All the wagons looked the same to Bruno, but they were different. Some wagons were reserved for sacks of sugar and they had an entrance on the side which was fairly easy to open. Others were cylinder shaped and had an entrance on the top. Only Filipe knew which was which. They were running along side and it was raining heavily. This slowed down Felipe a little and Bruno managed to jump onto the train first. He held on to the bottom of the ladder at the side of a wagon. He held out his hand to Felipe but before he could grab onto it the train picked up the speed. It happened so fast that Bruno nearly fell and he had to use both hands to hold securely to the train. His friend could not keep up anymore and eventually gave up. The heavy raindrops were beating on his face mercilessly and everything was wet and slippery. Bruno couldn’t see anything clearly. He quickly climbed up the ladder and found himself on top of the wagon. He just wanted to get to a safe and dry place. He saw the entrance lid and with much effort he opened it. It was dark below and he can’t really remember how but the next thing he knew was that he was at the bottom of the wagon. As he landed on the floor, he cut his chin. The pain and shock caused him to faint.
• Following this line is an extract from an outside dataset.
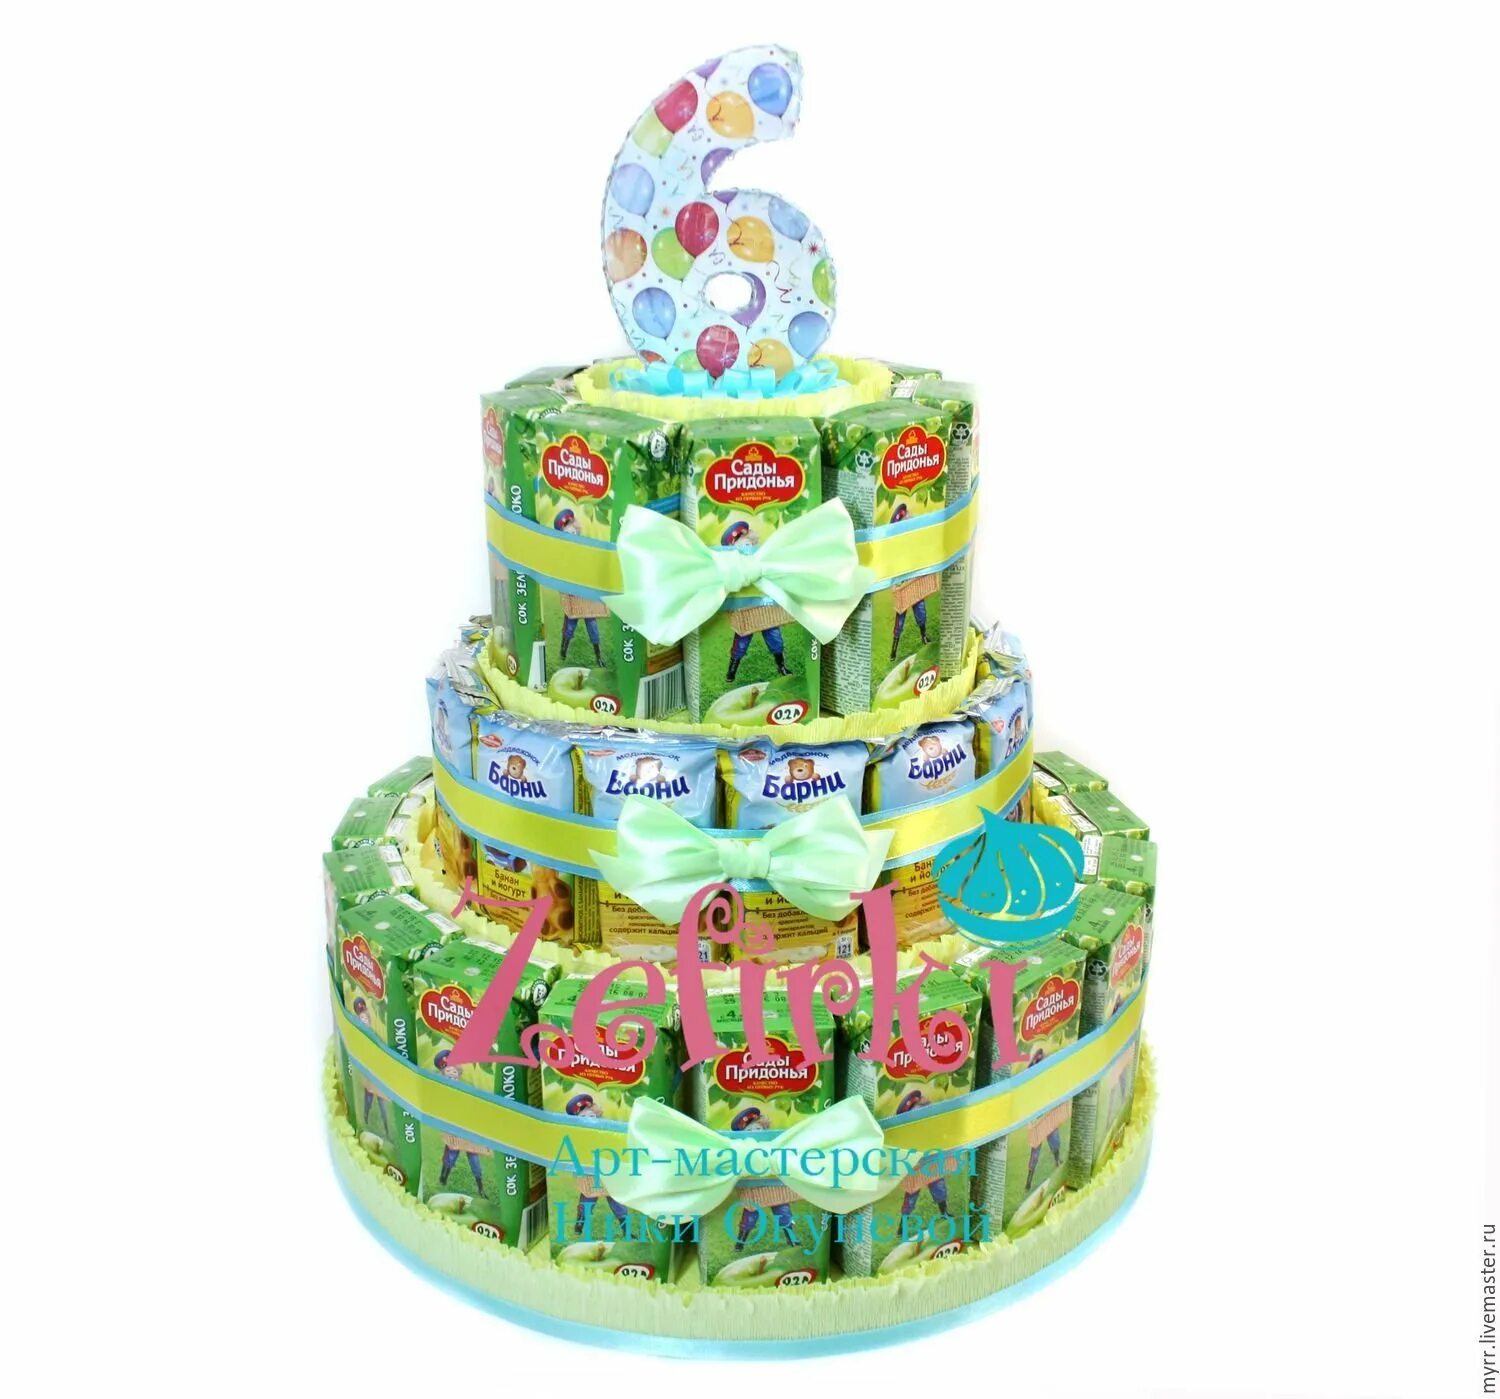 Что можно в сад на день рождения. Угощения в детский сад на день рождения из Барни и сока. Торт из Барни в садик на день рождения. Торт из сока и Барни. Торт в садик из сладостей.

He woke up after what felt like a few hours and realized what had happened. He searched for a door or exit in the dark wagon but there was only the one above him. There was no ladder. He felt something like seeds on the floor and he picked them up and realized that they were dried corn kernels. He knew what was going to happen. He had seen it before. The opening on the top was where they would funnel the corn into the wagon and fill it to the brim. He remembered hearing about some children being buried alive under corn and now he was facing a similar fate. The prospect of a painful death made him feel desperate and lost. He has had a tough life but he still enjoyed his life. He did not want to die and especially alone and forgotten in the wagon. The train made several stops and each time Bruno frantically banged and kicked on the walls hoping someone would hear on the other side but no one did. His only hope was prayer. He prayed and prayed for a miracle. However, at each stop nothing happened. He had some water with him. He took a sip each time and tried to conserve as much he could. He wasn’t sure how long he was going to stuck in the wagon.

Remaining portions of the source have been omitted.